Further distribution of the number of items sold by each sales method highlights the differences in sales volume, providing clues to the quantity-based preferences of customers depending on the sales approach.

This plot hints that while the 'Call' method has the potential for higher individual sales, 'Email + Call' leads to a bigger number of items sold, but introduces a great variability. In contrast, the 'Email' method, while not reaching the high numbers seen in the 'Email + Call' method, shows steadiness in sales volume.

In [31]:

from matplotlib.ticker import MaxNLocator
sns.set_style('whitegrid')
sns.set_context('notebook')
plt.figure(figsize=(10, 6))
g = sns.catplot(x = 'nb_sold', y = 'sales_method', data = product_sales_imputed, kind = 'box', height=5, aspect=2, order = ['Call', 'Email', 'Email + Call'], hue = 'sales_method', hue_order = ['Call', 'Email', 'Email + Call'])
#g.ax.set_xlim(0,250)
g.ax.set_xlabel('Number of items sold', fontweight='bold', fontsize='large')
g.ax.set_ylabel('Sales Method', fontweight='bold', fontsize='large')
plt.tick_params(axis='both', which='major', labelsize='large')
g.ax.xaxis.set_major_locator(MaxNLocator(integer=True))
g.fig.suptitle('Distribution of Number of Items Sold By Sales Methods', y = 1.03, fontweight='bold', fontsize='x-large')
plt.show()

<Figure size 1000x600 with 0 Axes>

Exploring further, Average item price distribution between sales methods plot sheds light on the pricing strategies' impact on sales performance. This visualization might suggest how customers respond to price points when engaged through different sales methods.
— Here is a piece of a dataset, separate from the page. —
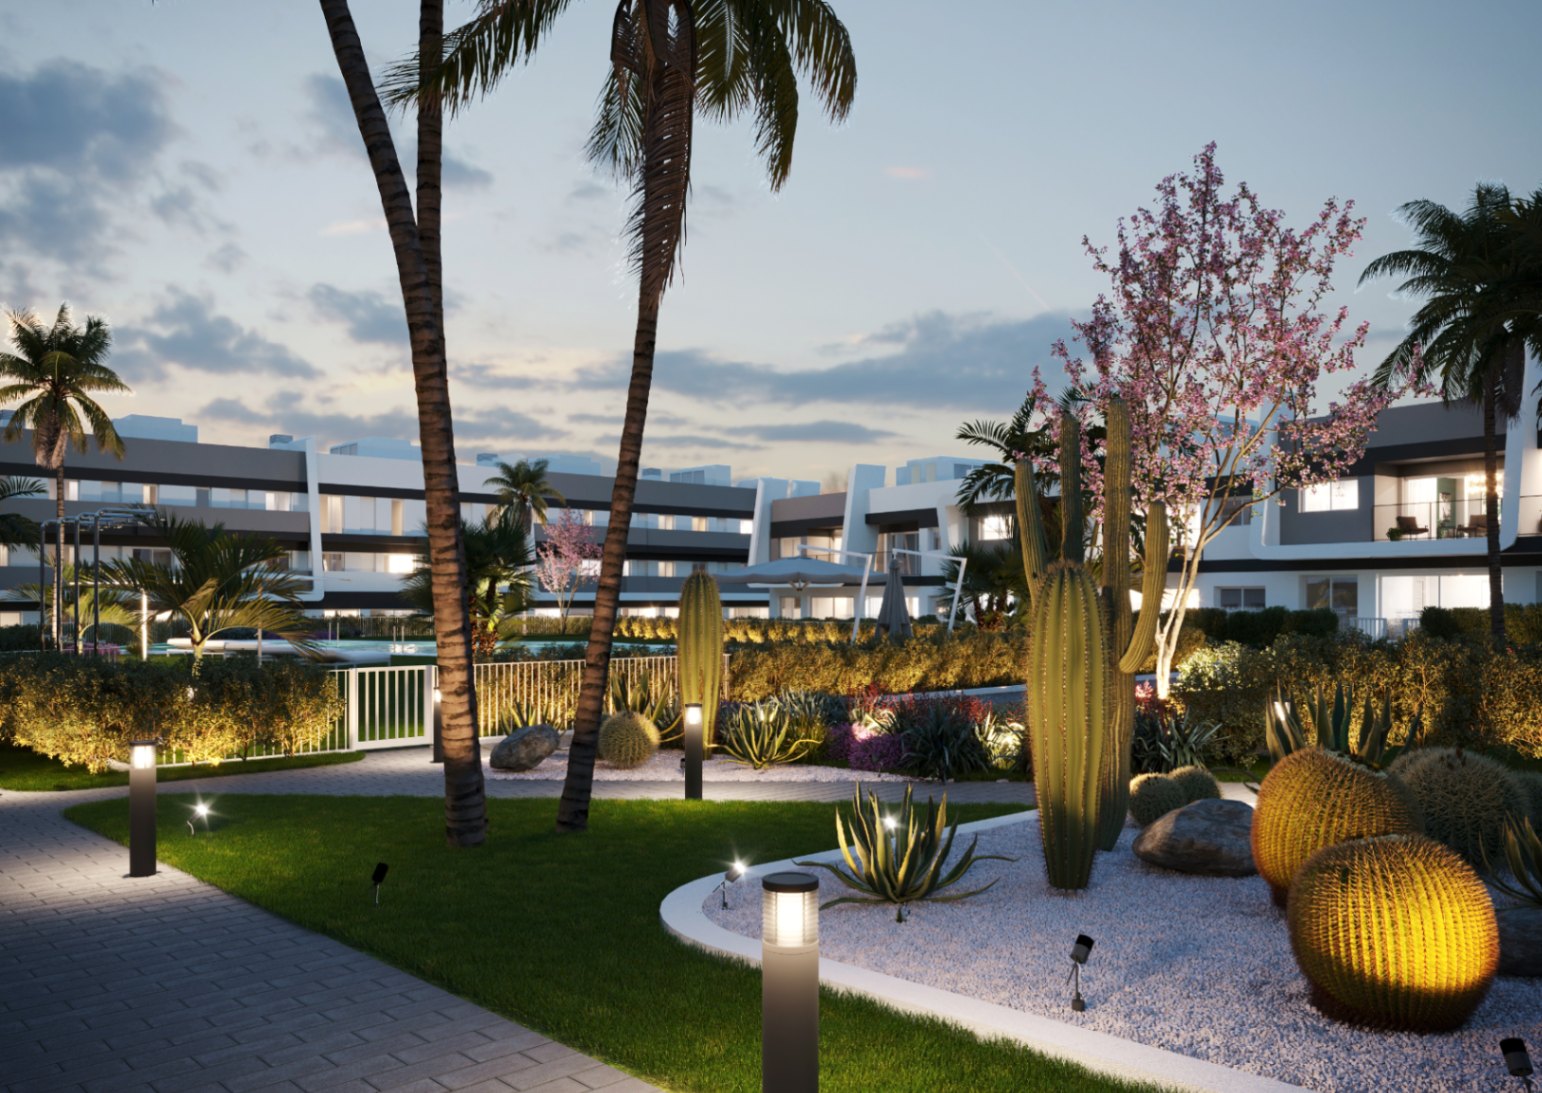 Apartamentos nuevos con piscina, 2 - 3 dormitorios, Santa Pola Alicante

Calls: This method has the lowest median price point, indicating that the items sold through calls tend to be on the more affordable side.

Email: Sales through email have a slightly higher median price than calls, positioned around 10 units on the price scale, which might suggest a moderate pricing strategy. The IQR is comparable to that of calls.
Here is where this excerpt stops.